And many of us are able to live and thrive partly because satellites help farmers assess climate and growing conditions and decide which areas are best for cultivation, while also alerting them to unfavorable weather conditions or predictions of longer-term drought. Looking ahead, space commercialization — asteroid mining, manufacturing and scientific research — will require vast amounts of capital and the hiring of skilled labor, creating both wealth and jobs.
But if private companies are to make meaningful progress in space exploration, we need the government to help. As President Biden develops his plans to address climate change and other Earth-bound challenges, he would be wise to consider space policy as an extension of his commitments.

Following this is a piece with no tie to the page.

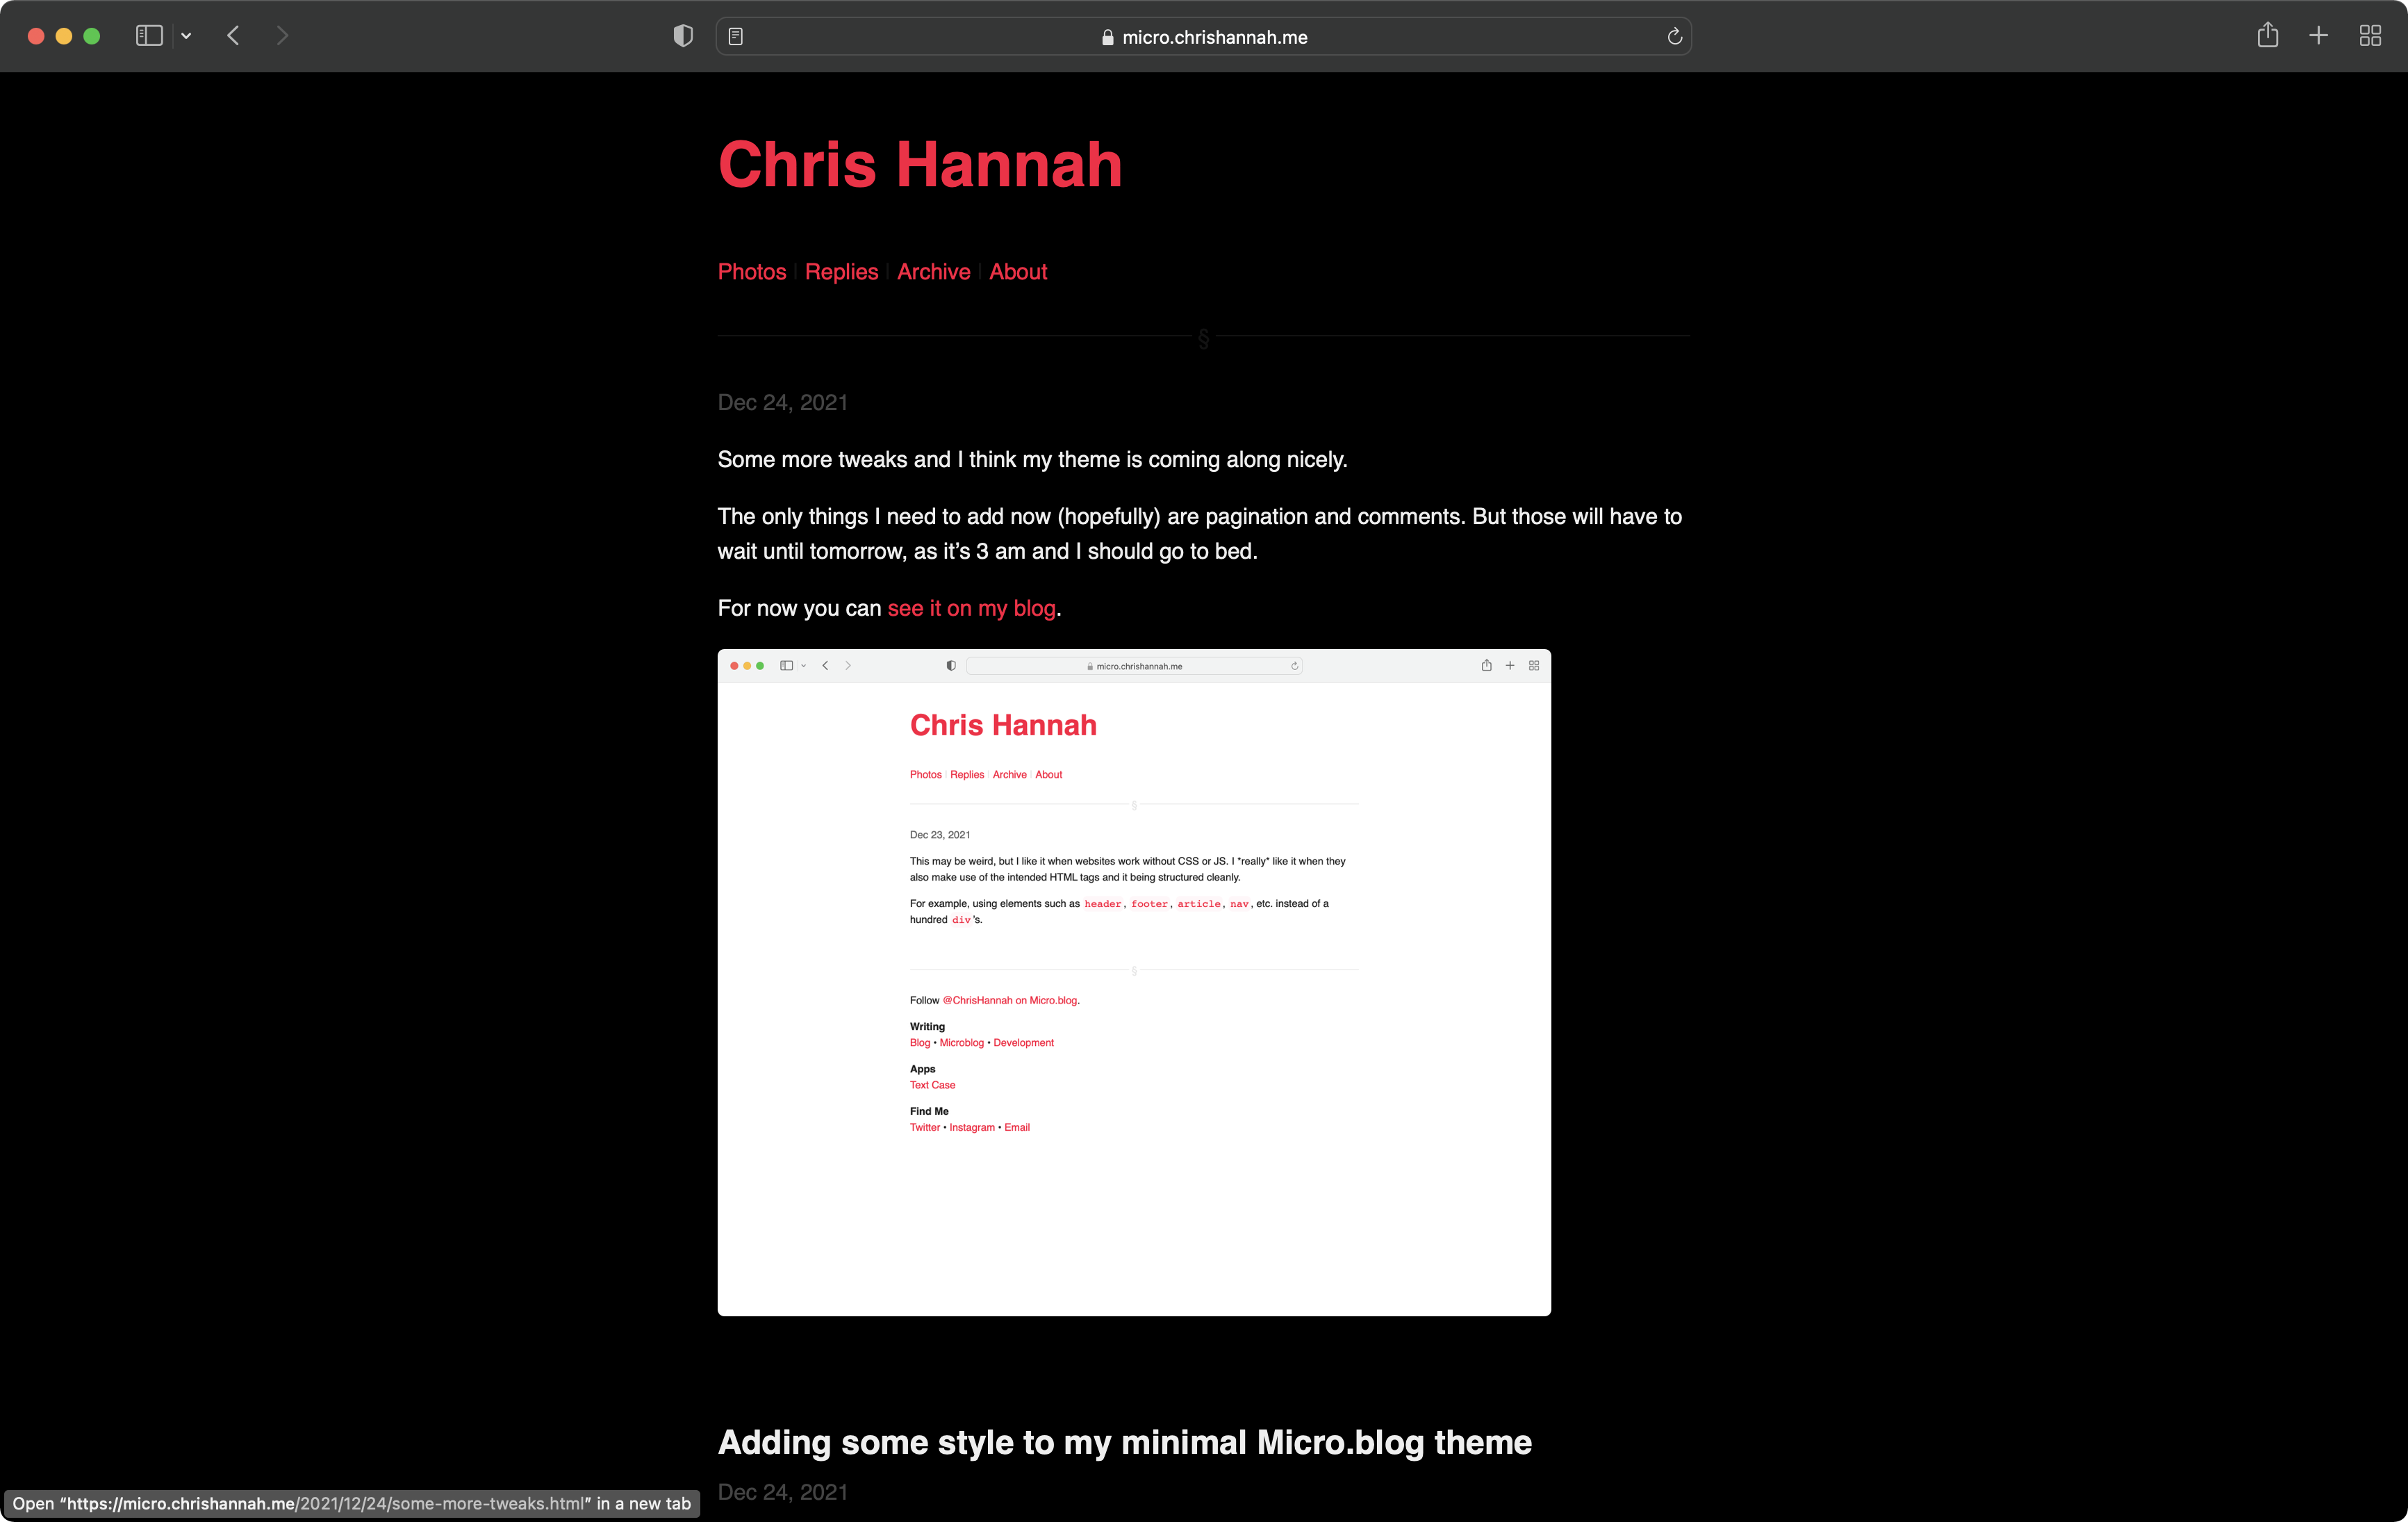 Chris Hannah's site in dark mode.

Satellite data, for instance, is crucial to understanding the consequences of climate change and our ability to measure mitigation efforts in the future. Yet satellites are vulnerable to both electronic hacks and physical attacks, and there is no international law protecting them. The ability of the United States or other countries to enforce any of the existing rules related to satellites is limited. The United States must work with international bodies, like the United Nations Office for Outer Space Affairs and the Committee for Peaceful Uses of Space, to establish clear and enforceable guidelines and laws that regulate satellite activity and punish interference by malicious actors
Globally, we should look to successful treaties that govern air traffic and maritime navigation. If a tanker crashed into another, we know which laws apply. But if a satellite crashes into another nation’s space debris, the issues are murkier. Domestically, The Department of Commerce, rather than NASA and the Pentagon, should be charged with creating conditions that encourage private investment and safety in space. Placing responsibility for something as critical as debris tracking and warning notifications for civil, commercial and international space actors would use the Department of Commerce’s experience in managing and tracking data related to the free flow of commercial business. We should begin work on an international understanding of space before a major collision occurs that we all will lament was predictable.

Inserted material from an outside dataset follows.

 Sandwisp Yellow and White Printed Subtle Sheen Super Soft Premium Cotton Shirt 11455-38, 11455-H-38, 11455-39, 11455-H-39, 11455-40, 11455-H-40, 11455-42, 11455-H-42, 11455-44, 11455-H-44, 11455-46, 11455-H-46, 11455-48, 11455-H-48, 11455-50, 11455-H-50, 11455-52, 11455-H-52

Critically important to the success of the commercialization of space is that no one company or country monopolizes development of any segment, capability or zone of space. Competition will ensure future success, enhance innovation and protect ongoing development from a single point of failure or catastrophic event. Until now, space has been a zone of international cooperation. But advances in space technology and geopolitical events on Earth could imperil future cooperation and access.
We must encourage all space-faring countries to create international norms and behaviors.
This won’t be easy, of course. We need to figure out who gets access to what, how to deter misconduct and how to work together in a fraught diplomatic environment. We need global and domestic treaties and agencies that can resolve conflicts and questions such as: Who can mine on the moon for the rare-earth metals eagerly sought for cell phone and battery production? And how can we extract and share the moon’s oxygen and water resources for the purpose of making fuel to power outer space travel? Greater certainty on matters like these will help to build confidence in the new space economy.
As the owner of a space technology company, I believe space presents a chance for the United States to make the Earth a greener place and build new international partnerships. What if, by establishing global cooperation on space guidelines, the resulting progress and working relationships on this exciting new frontier could help foster peace? Space could be a place not only to pursue our dreams, but to solve our earthly problems.